Classic Enchiladas Recipe

Classic Enchiladas Recipe

As Dora the Explorer would say… “Enchiladas Super Bien Sabrosas”

My cousin’s favorite food is Mexican.  So when she and her girls came over to visit on a week night, I wanted to serve Mexican.  I didn’t want to spend a lot, but I wanted the classic Mexican flavors.  I decided to use cooked beef from a roast in enchiladas rather than the more popular ground beef.  I only had 1 cup of leftover beef, so I added rice and black beans to stretch it and make more classic enchiladas.  I have to say…my cousin and her husband lived in San Diego for awhile and enjoyed delicious and authentic Mexican food while living there.  I even visited once, and we ate in a restaurant where I had the best guacamole I’ve ever eaten.  So, I was nervous about even attempting Mexican food to serve to them.  But, the dish was a success.  Even the kids ate it!  I would have liked it to be a little spicier.  So, I’ve included in the recipe optional ingredients and variations that will add a little kick, if you prefer.  The chipotle pepper will add a smokey-heat flavor and the green chilies will be a milder spicy flavor.

Once again, I used leftover ingredients from meals I’d prepared earlier in the week.  The beef was from a roast (could be chuck or a leaner cut), the rice was from a side dish, and the cheeses were from a BOGO sale.  Shredded cheese freezes well, so stock up and freeze.  Use the thawed cheese on baked items rather than as a fresh topping.  It melts fine, but the consistency does change a bit after being frozen.

Here is what you will need to make this Classic Enchiladas Recipe:

1 c. beef, cooked and cut into bite-sized pieces
1 ½ c. cooked rice
3/4 c. black beans
4 green onions, chopped
1 c. shredded Monterey jack (or pepper jack) cheese, divided
1 c. shredded Cheddar cheese, divided
1 (19-oz) can enchilada sauce
2 t. chili seasoning blend
1 t. salt
2 T. Chopped fresh cilantro, divided
1 chipotle pepper, chopped OR 2 T. chopped green chiles (optional…either will add heat)
8 flour tortillas, room temperature
sour cream, guacamole, chopped iceberg lettuce, tortilla chips for serving

Directions for make this Classic Enchiladas Recipe:

First, Preheat oven to 350 degrees.  In a medium bowl, combine beef, rice, black beans, green onions, half of the cheeses, 4 T enchilada sauce, chili seasoning blend, salt, 1 T. Chopped cilantro, and chipotle pepper or green chiles (if desired). Mix well.

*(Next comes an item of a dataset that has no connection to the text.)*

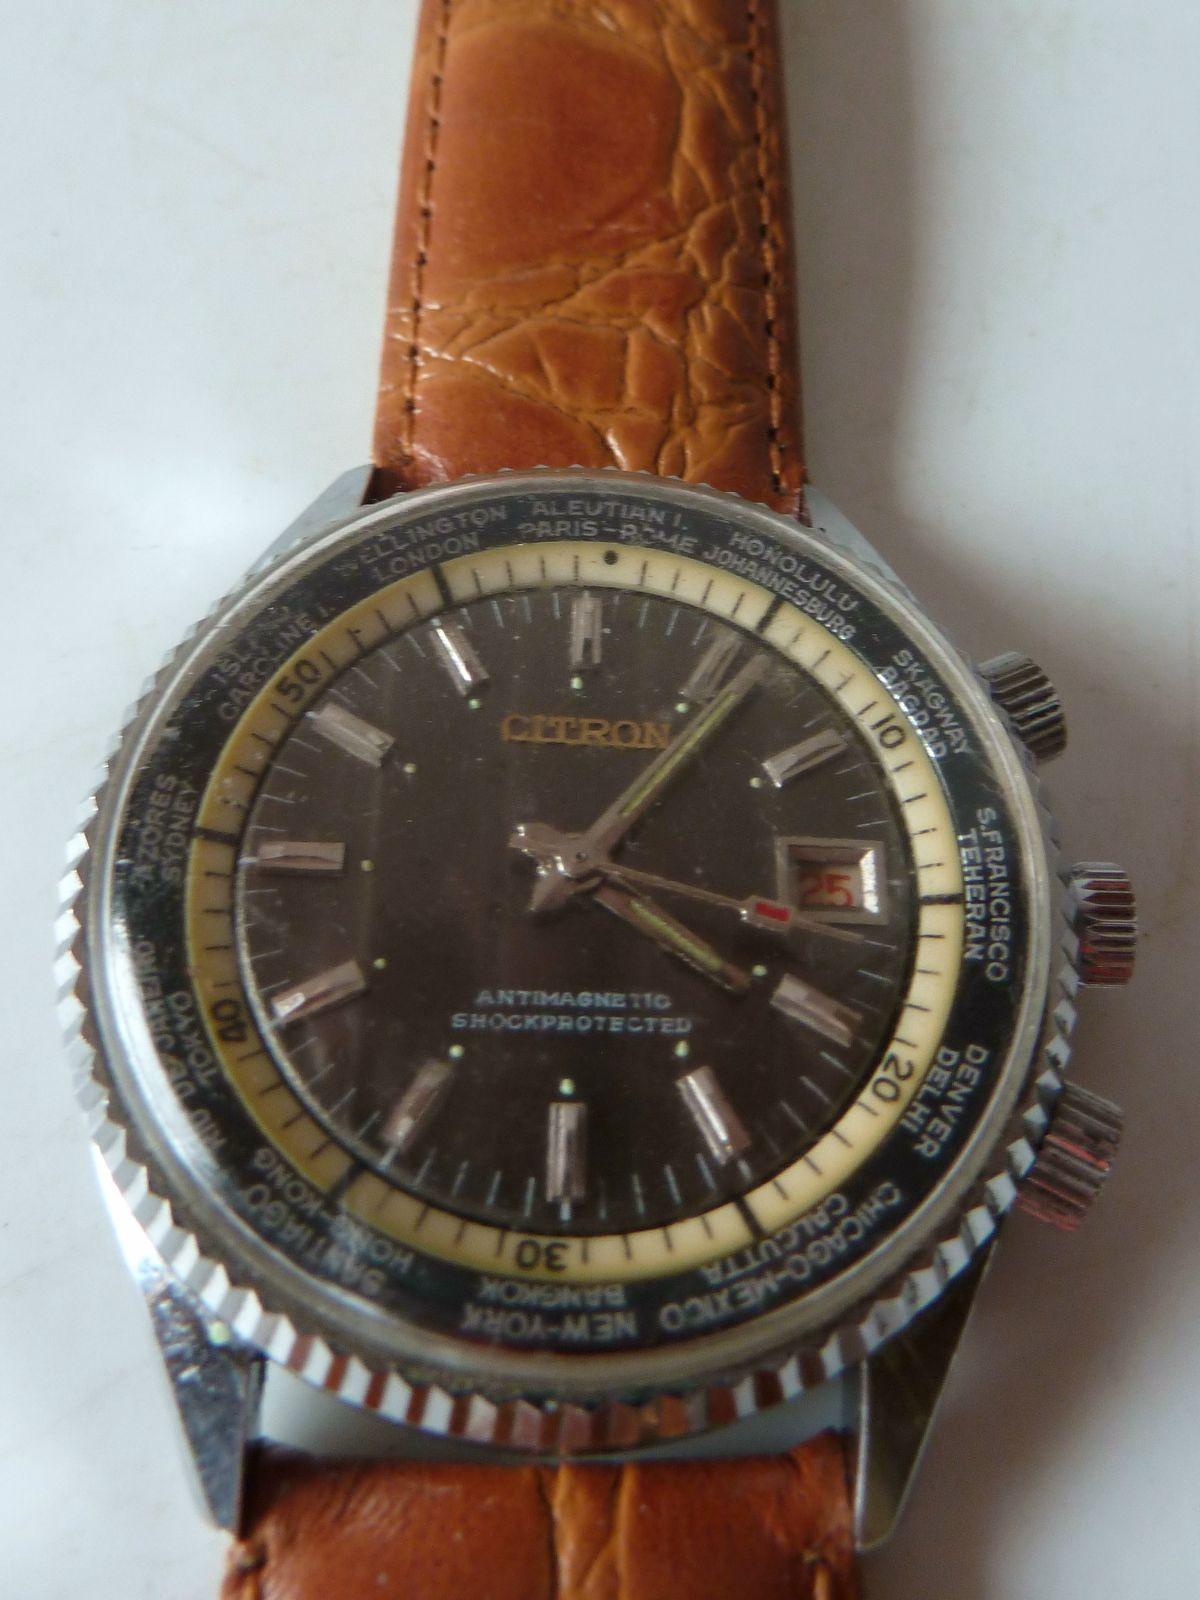 Seiko 5 Automatic Military Jam Tangan Pria Hitam Stainless Steel Sport Ssa299k1 Otomatis Hijau Putih Vintage Citron World Timer Magnetic Compass

Next, Evenly distribute the mixture between the tortillas and roll up.  Cover the bottom of a 9×13 dish with 1/3 cup enchilada sauce.  Place rolled-up enchiladas in a single layer in the baking dish and top with remaining enchilada sauce and cheeses.

Then, Bake in preheated oven until cheese melts and enchiladas are heated through, about 20 minutes.  Top with remaining chopped cilantro.  Serve each enchilada on top of shredded lettuce alongside a dallop of guacamole and sour cream and a few tortilla chips, if desired.

 

Classic Enchiladas Recipe

Ingredients
  

  • 1 c. beef cooked and cut into bite-sized pieces
  • 1 ½ c. cooked rice
  • 3/4 c. black beans
  • 4 green onions chopped
  • 1 c. shredded Monterey jack or pepper jack cheese, divided
  • 1 c. shredded Cheddar cheese divided
  • 1 19-oz can enchilada sauce
  • 2 t. chili seasoning blend
  • 1 t. salt
  • 2 T. Chopped fresh cilantro divided
  • 1 chipotle pepper chopped OR 2 T. chopped green chiles (optional...either will add heat)
  • 8 flour tortillas room temperature
  • sour cream guacamole, chopped iceberg lettuce, tortilla chips for serving

Instructions
 

  • First, Preheat oven to 350 degrees. In a medium bowl, combine beef, rice, black beans, green onions, half of the cheeses, 4 T enchilada sauce, chili seasoning blend, salt, 1 T. Chopped cilantro, and chipotle pepper or green chiles (if desired). Mix well.
  • Next, Evenly distribute the mixture between the tortillas and roll up. Cover the bottom of a 9x13 dish with 1/3 cup enchilada sauce. Place rolled-up enchiladas in a single layer in the baking dish and top with remaining enchilada sauce and cheeses.
  • Then, Bake in preheated oven until cheese melts and enchiladas are heated through, about 20 minutes. Top with remaining chopped cilantro. Serve each enchilada on top of shredded lettuce alongside a dallop of guacamole and sour cream and a few tortilla chips, if desired.